Clearly this confidence interval match with the result of the hypethesis-test, as the high-value of the CI is 93.7 at 99% significance-level, and 100 (i.e. p = 1) would certainly be out of any CI.

  1. Confidence interval for the people who said they will vote for the Democratic candidate before vote :-
inference(anes2[anes2$pre == "(Democratic Candidate)","change"], type = "ci", method = "simulation", conflevel = 0.99, est = "mean", boot_method = "perc")
## Single mean 
## Summary statistics:
## mean = 0.9454 ;  sd = 0.2274 ;  n = 1391

plot of chunk unnamed-chunk-8

## Bootstrap method: Percentile
## 99 % Bootstrap interval = ( 0.9288 , 0.9605 )
  1. Confidence interval for the people who said they will vote for the Republican candidate before vote :-
inference(anes2[anes2$pre == "(Republican Candidate)","change"], type = "ci", method = "simulation", conflevel = 0.95, est = "mean", boot_method = "perc")
## Single mean 
## Summary statistics:
## mean = 0.9342 ;  sd = 0.248 ;  n = 1140

plot of chunk unnamed-chunk-9

## Bootstrap method: Percentile
## 95 % Bootstrap interval = ( 0.9193 , 0.9482 )
  1. Confidence interval for the people who said they will vote for the Independent candidate before vote :-
inference(anes2[anes2$pre == "(Independent Candidate)","change"], type = "ci", method = "simulation", conflevel = 0.95, est = "mean", boot_method = "perc")
## Single mean 
## Summary statistics:
## mean = 0.4648 ;  sd = 0.5023 ;  n = 71

plot of chunk unnamed-chunk-10

## Bootstrap method: Percentile
## 95 % Bootstrap interval = ( 0.3521 , 0.5775 )
  1. Confidence interval for the people who said they will vote for Other candidate before vote :-
inference(anes2[anes2$pre == "Other Candidate {Specify}","change"], type = "ci", method = "simulation", conflevel = 0.95, est = "mean", boot_method = "perc")
## Single mean 
## Summary statistics:
## mean = 0.375 ;  sd = 0.5 ;  n = 16

plot of chunk unnamed-chunk-11

## Bootstrap method: Percentile
## 95 % Bootstrap interval = ( 0.125 , 0.625 )

Conclusion:

From the above study we can conclude that:-
1. People do change their preference for political parties while voting, compared to what they said they prefer in the pre-poll survey.
2. About 92.4% of the voting-population vote for the candiate they said they would before the poll, i.e., only 7.6% people changed their preference.
3. Vote-bank loyalty-wise, the Domocracts has the most loyal voters (mean 94.5%), followed by the Republicans (mean 93.4%), the Independents (46.5%) and Other Candidates (37.5%).
4. In other words, the voting campaigns mostly affect those voters who had previously decided to vote for the independents or other candidates.

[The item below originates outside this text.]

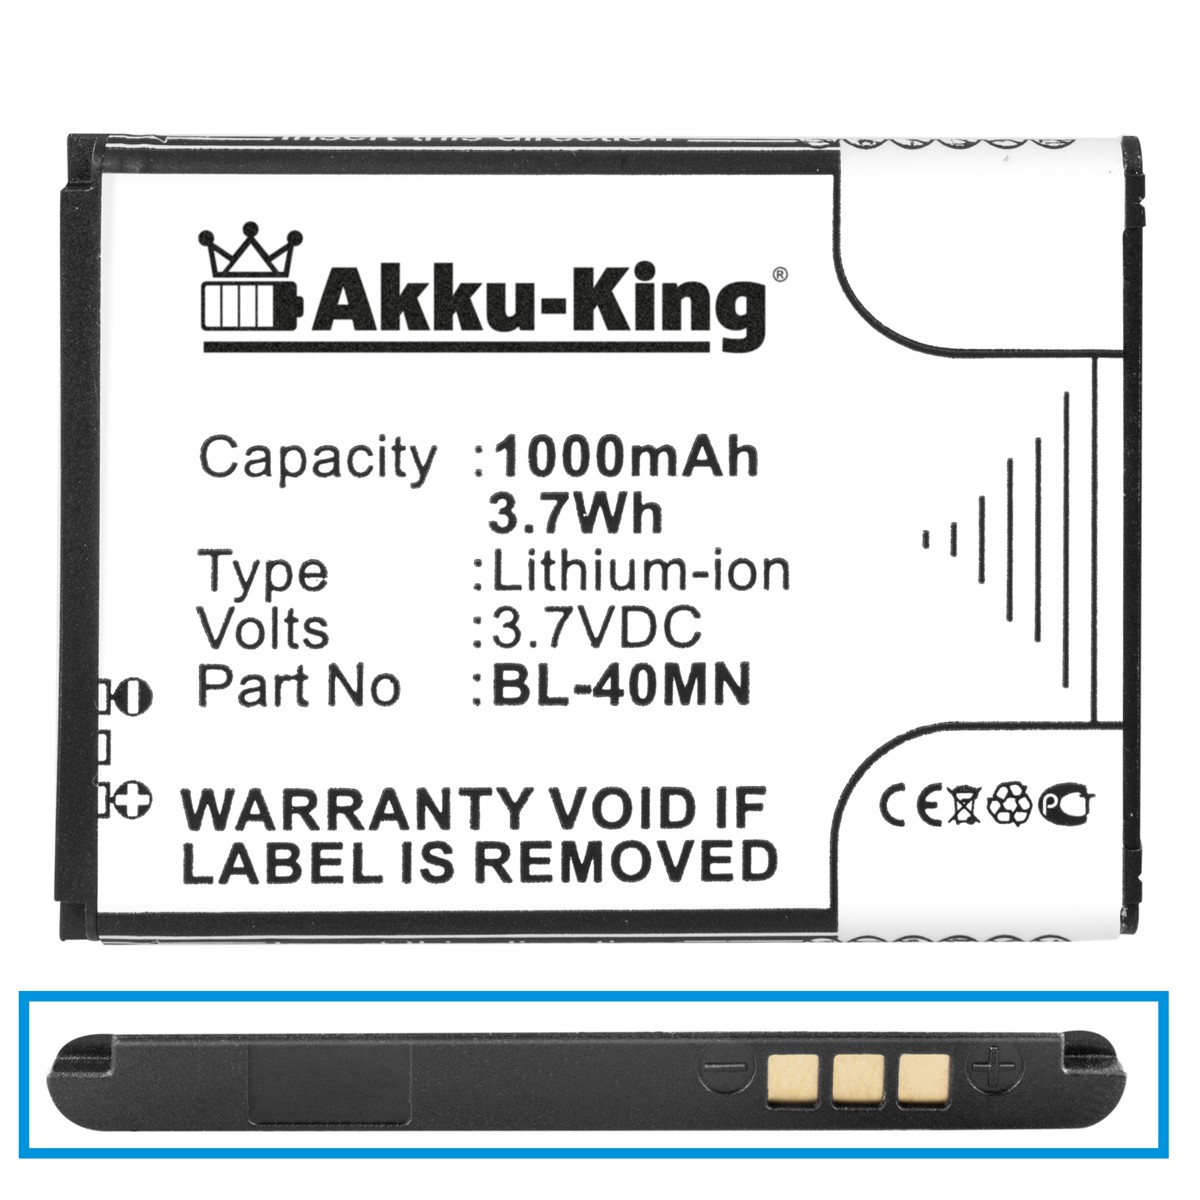 Handy-Akku, kompatibel Li-Ion 1000mAh mit Akku Volt, AKKU-KING LG 3.7 BL-40MN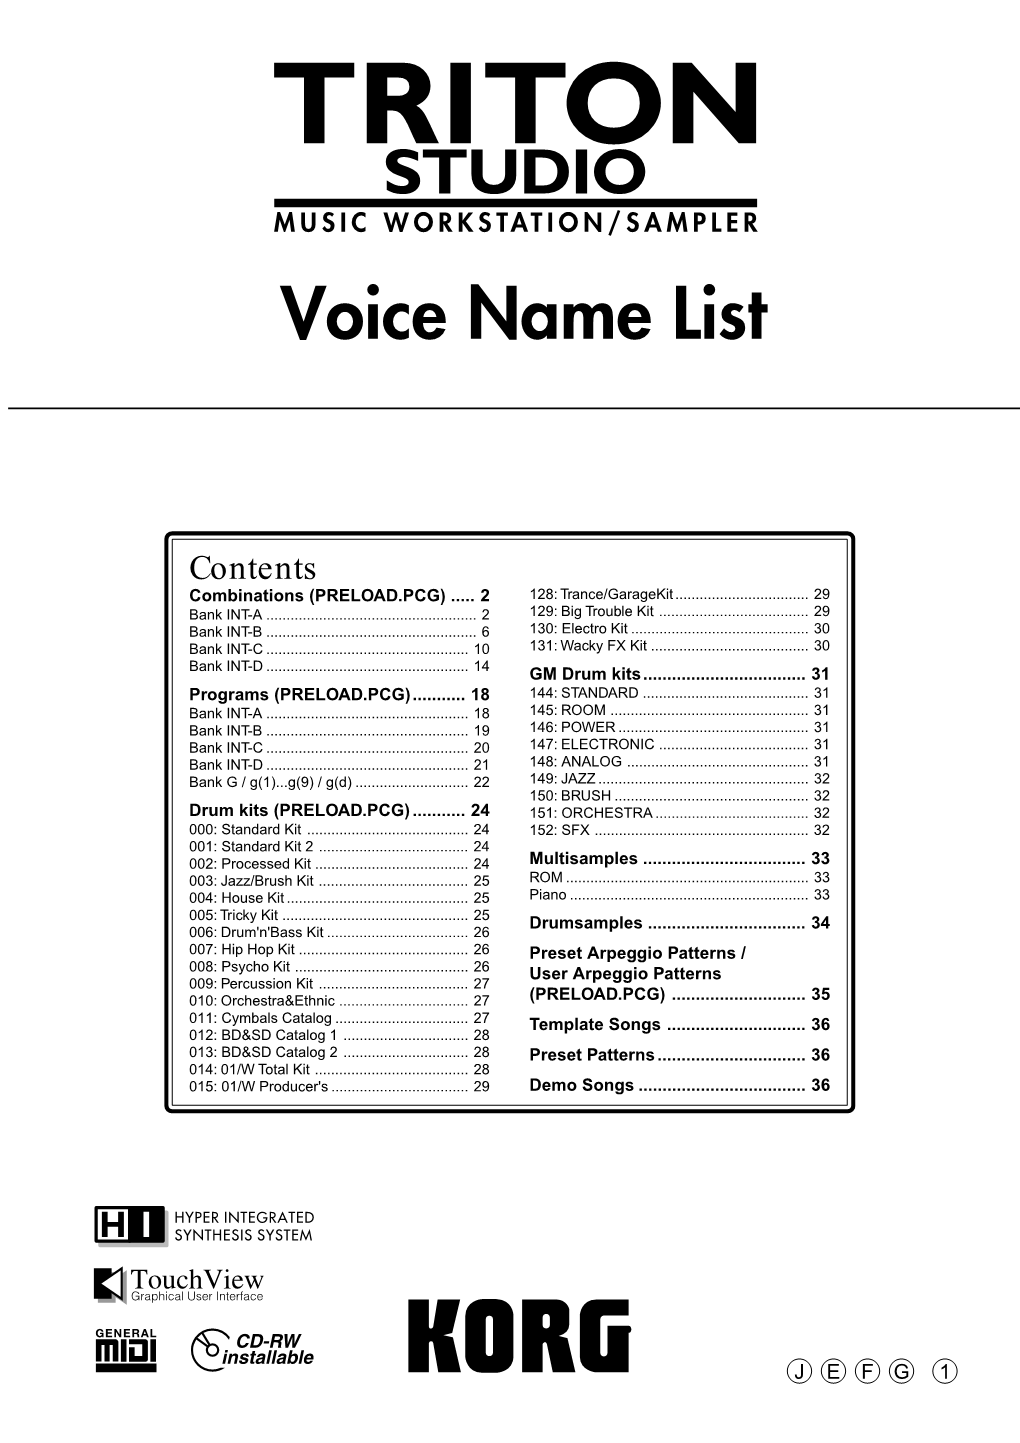 TRITON STUDIO Voice Name List

The campaigns only help about 6% vote-bank of the Republicans or Democrats to change their preferences.
5. It would be worth further investigating what event/ campaign prompted the voters to change their preference of the political-party. Based on that, we shall be able to know what are the switch-factors, and also the political parties will be able to strategize their campaigns in future to maximize their vote-share.